# EXERCISE DESCRIPTION
I would like the lines below, from the one with "draught beer bar with lots of" through the one with "Squire & Partners, London, office", copied exactly and without any pictures.

# DATA SUPPLIED
━━━━━━━━━━━━━━━━━━━━
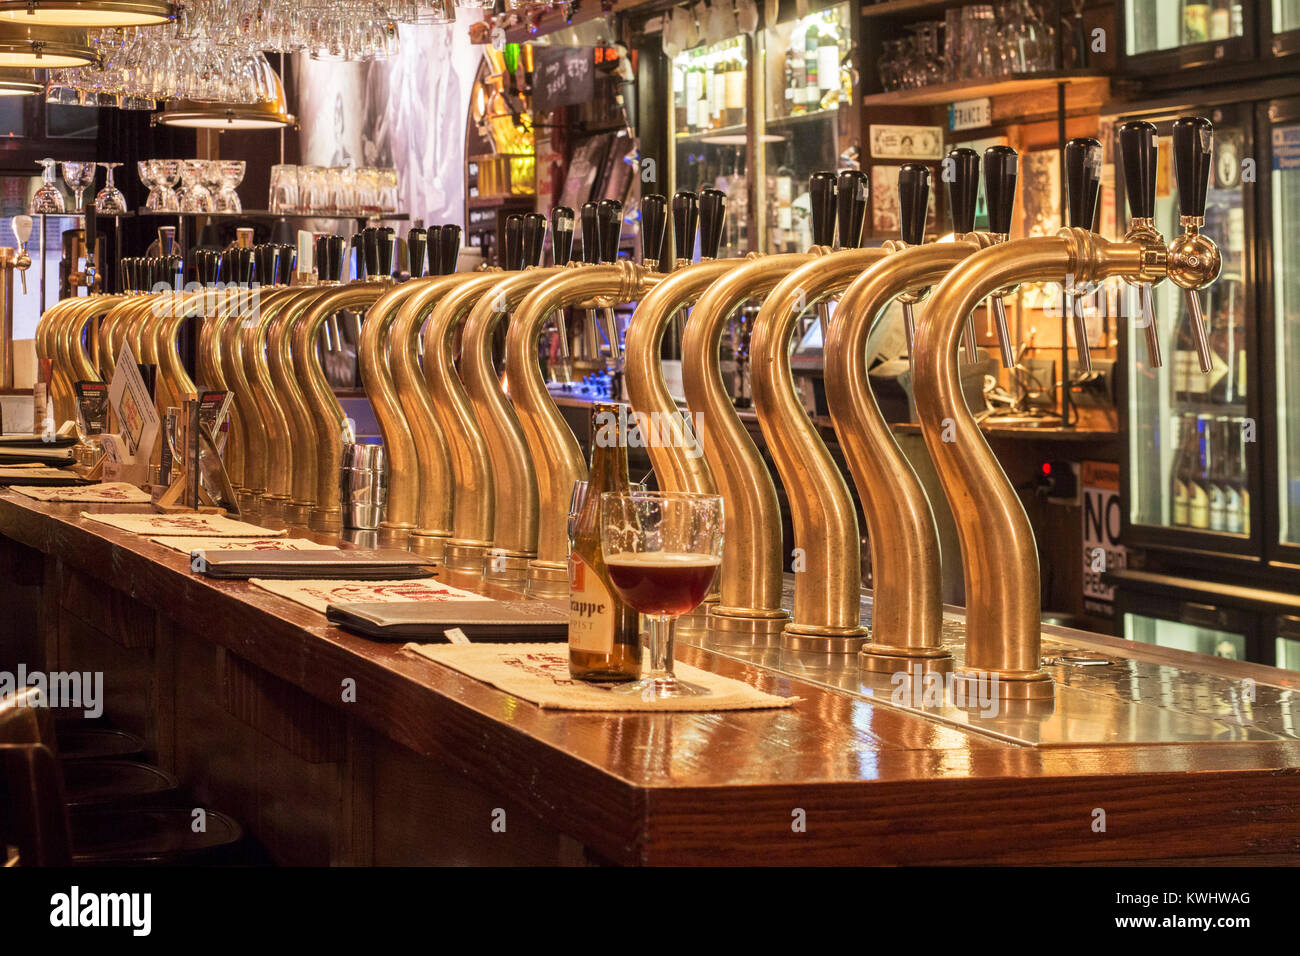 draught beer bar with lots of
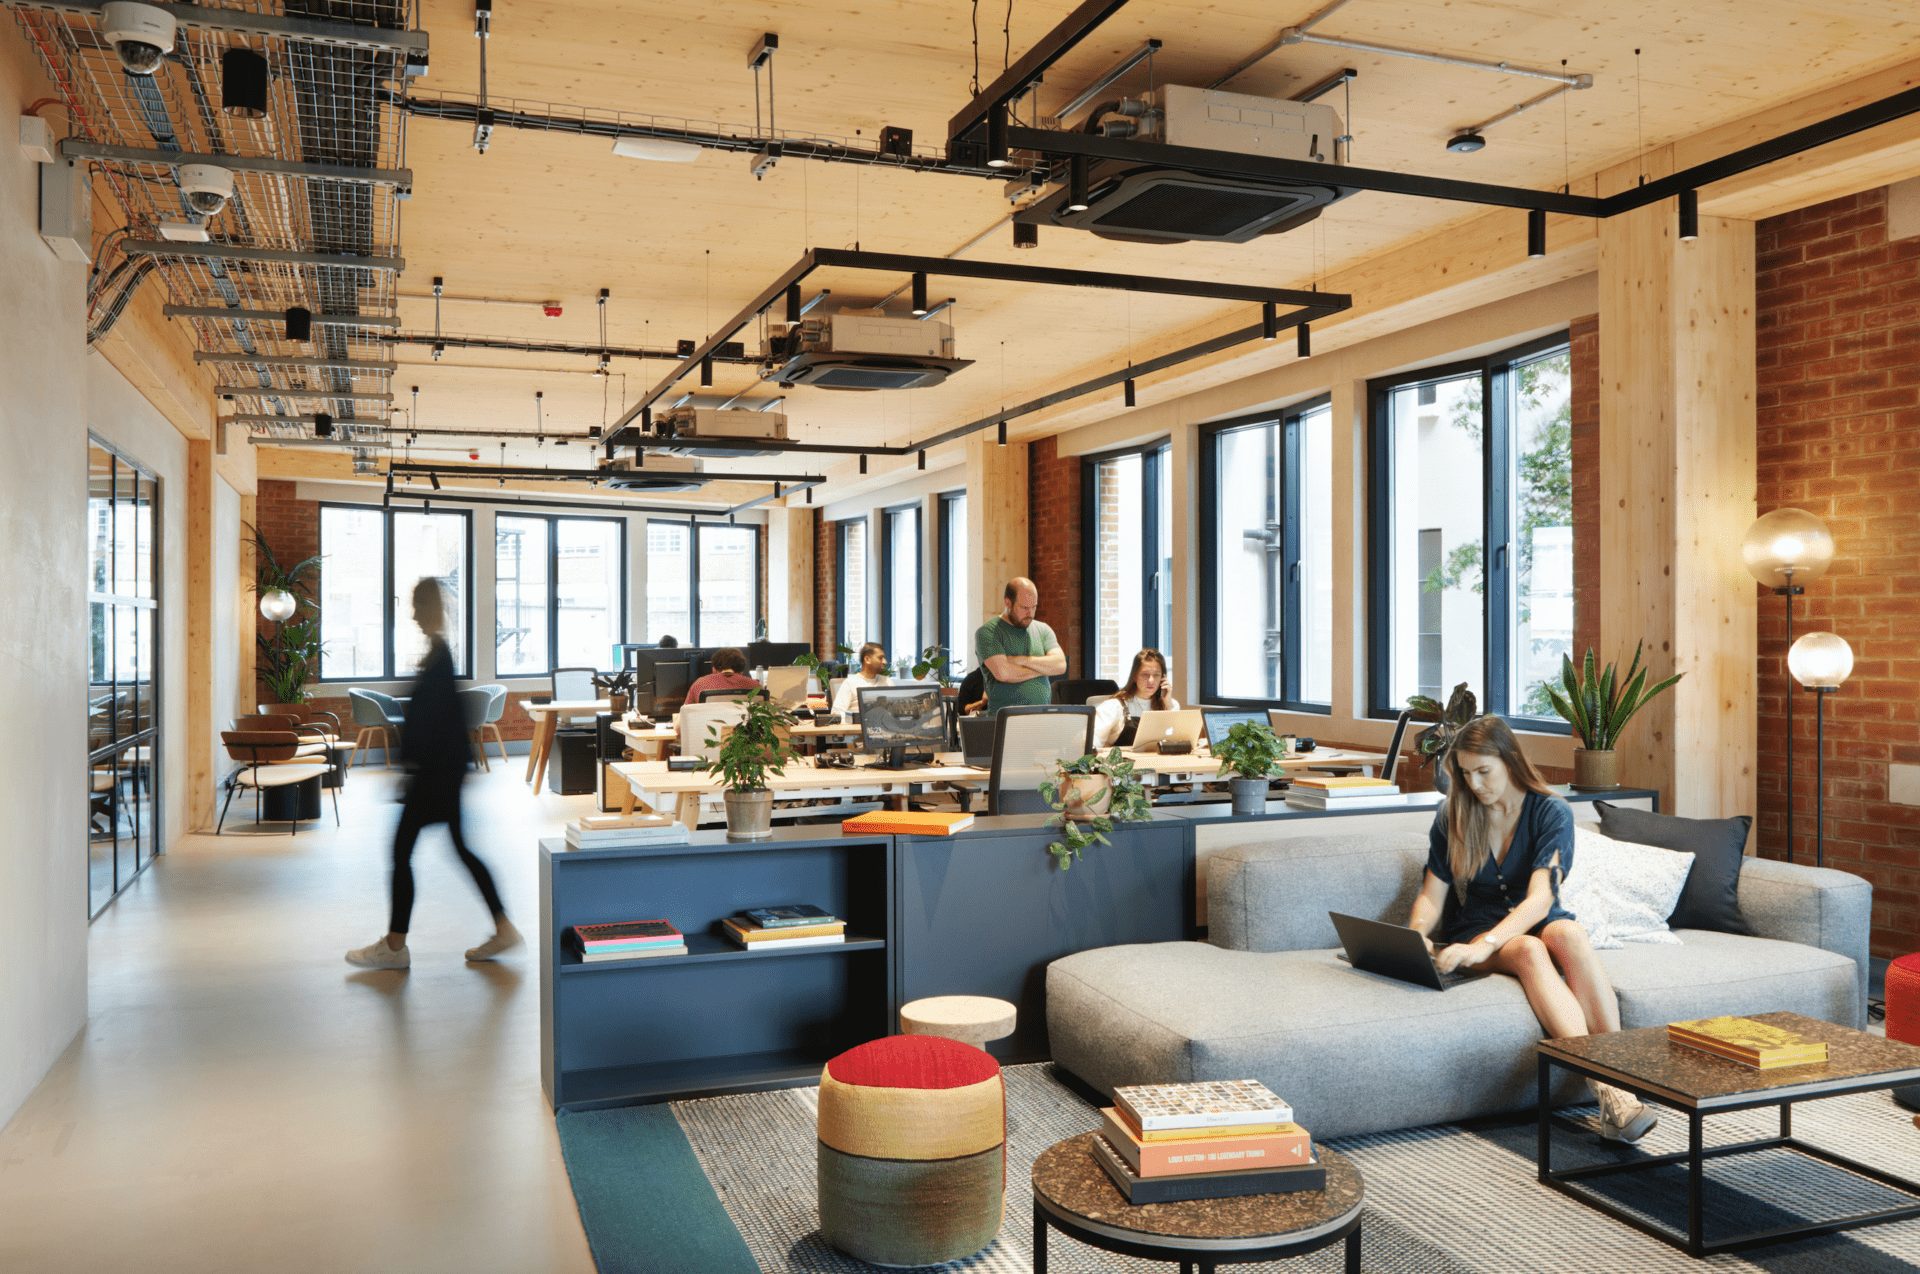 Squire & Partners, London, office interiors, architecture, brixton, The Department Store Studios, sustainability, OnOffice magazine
━━━━━━━━━━━━━━━━━━━━
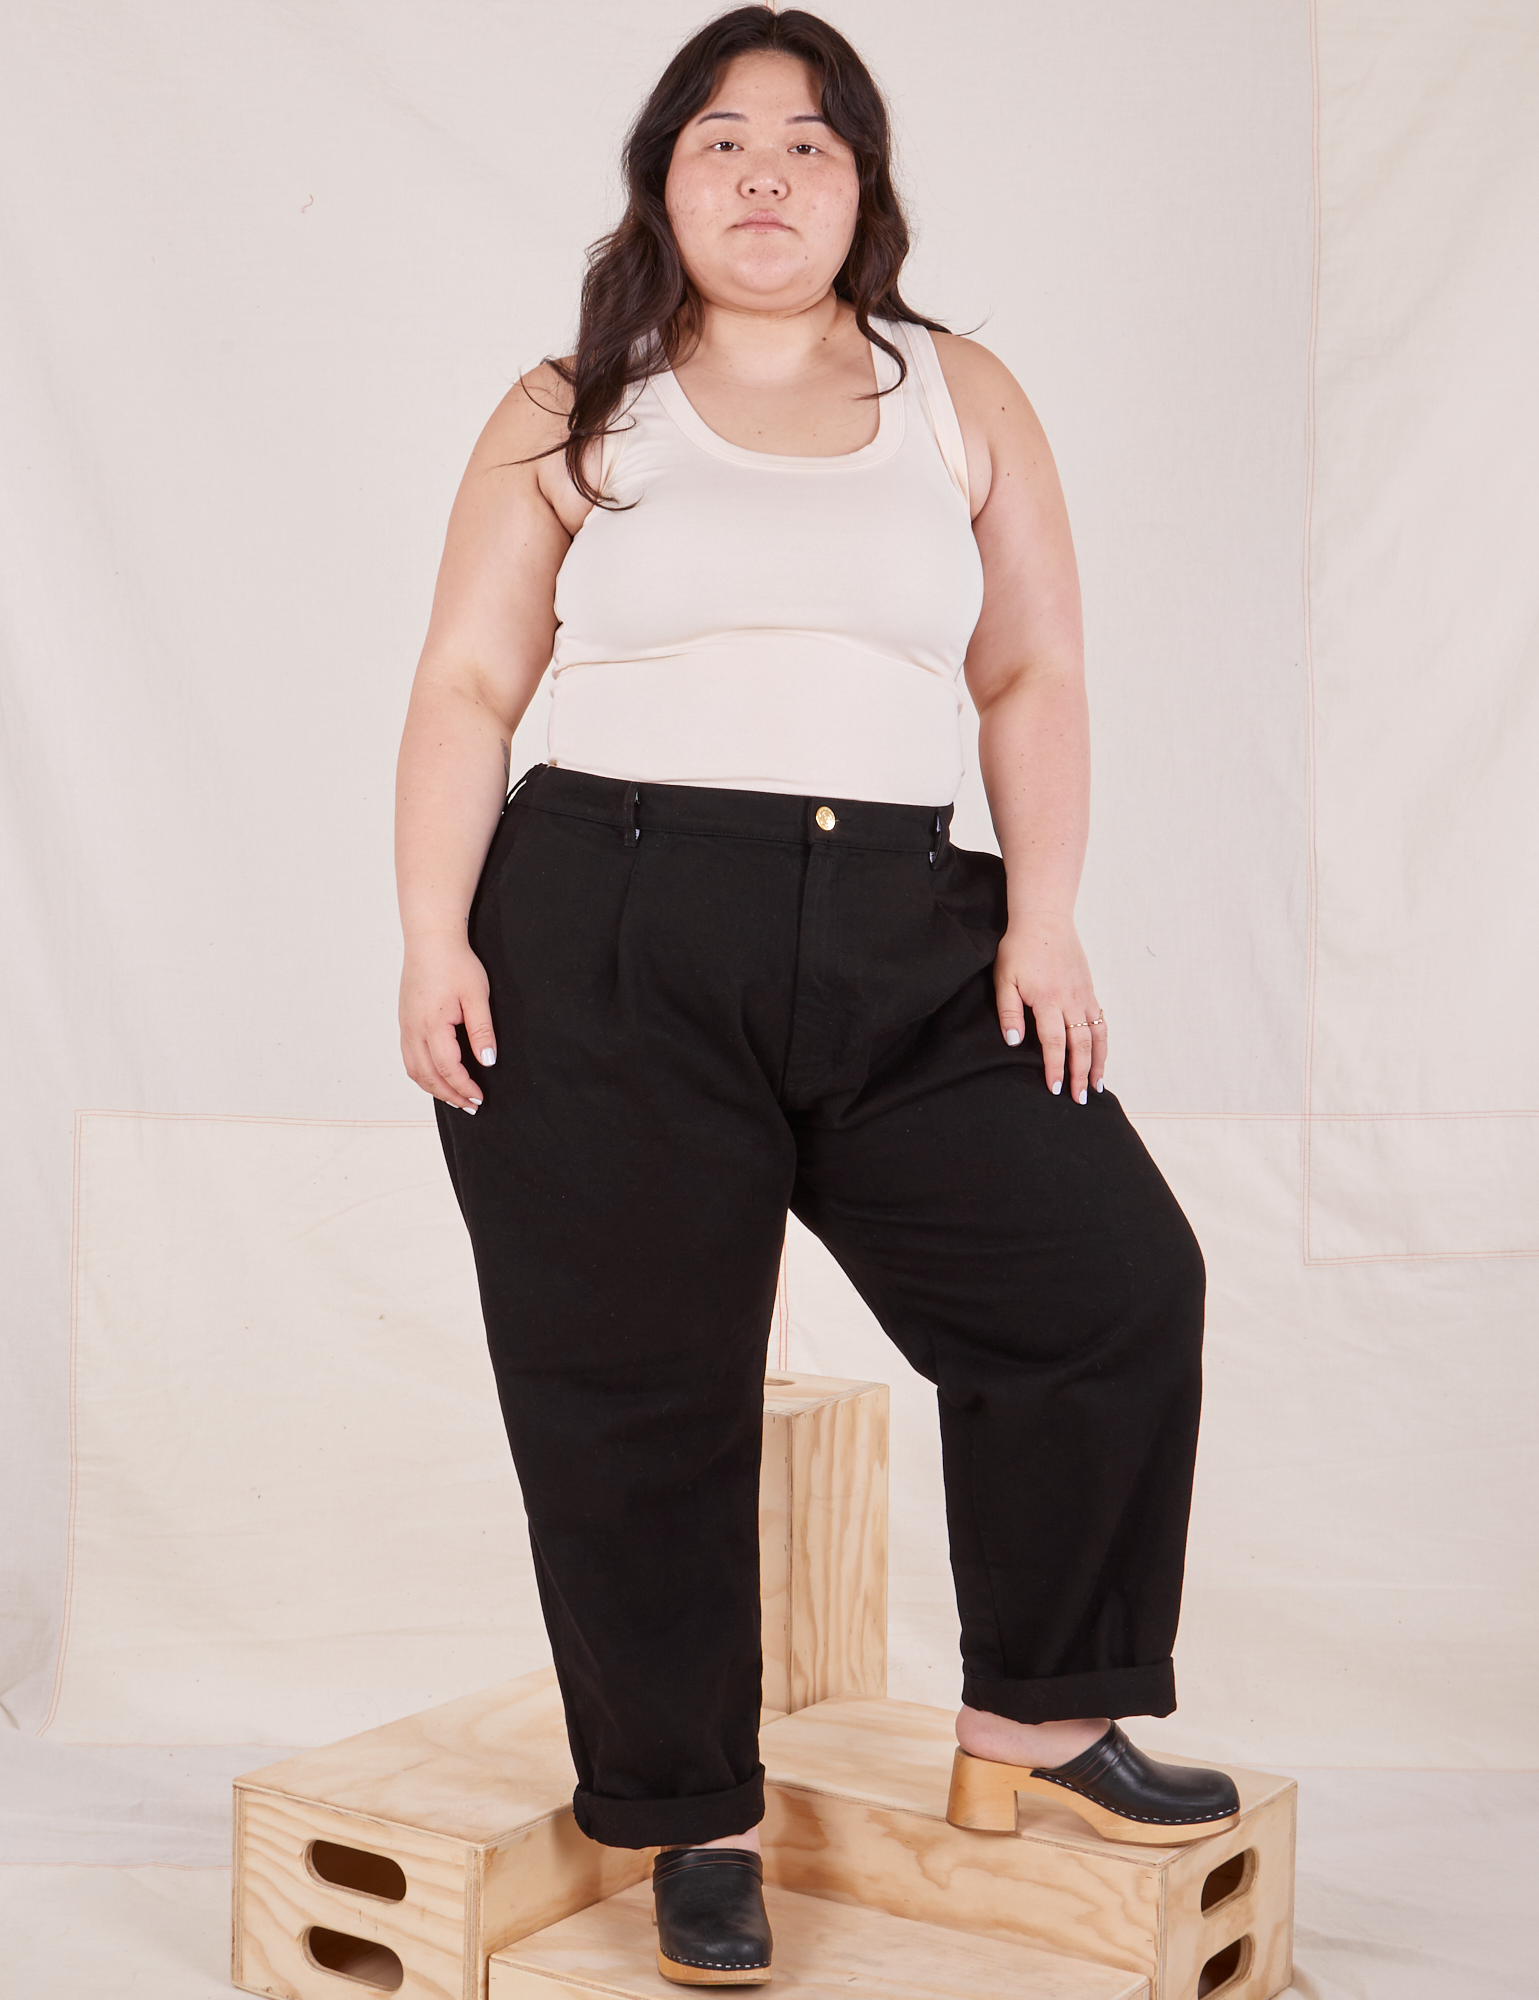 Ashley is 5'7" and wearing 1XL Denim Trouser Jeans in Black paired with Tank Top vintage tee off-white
━━━━━━━━━━━━━━━━━━━━
# ANSWER SECTION
 draught beer bar with lots of
 Squire & Partners, London, office interiors, architecture, brixton, The Department Store Studios, sustainability, OnOffice magazine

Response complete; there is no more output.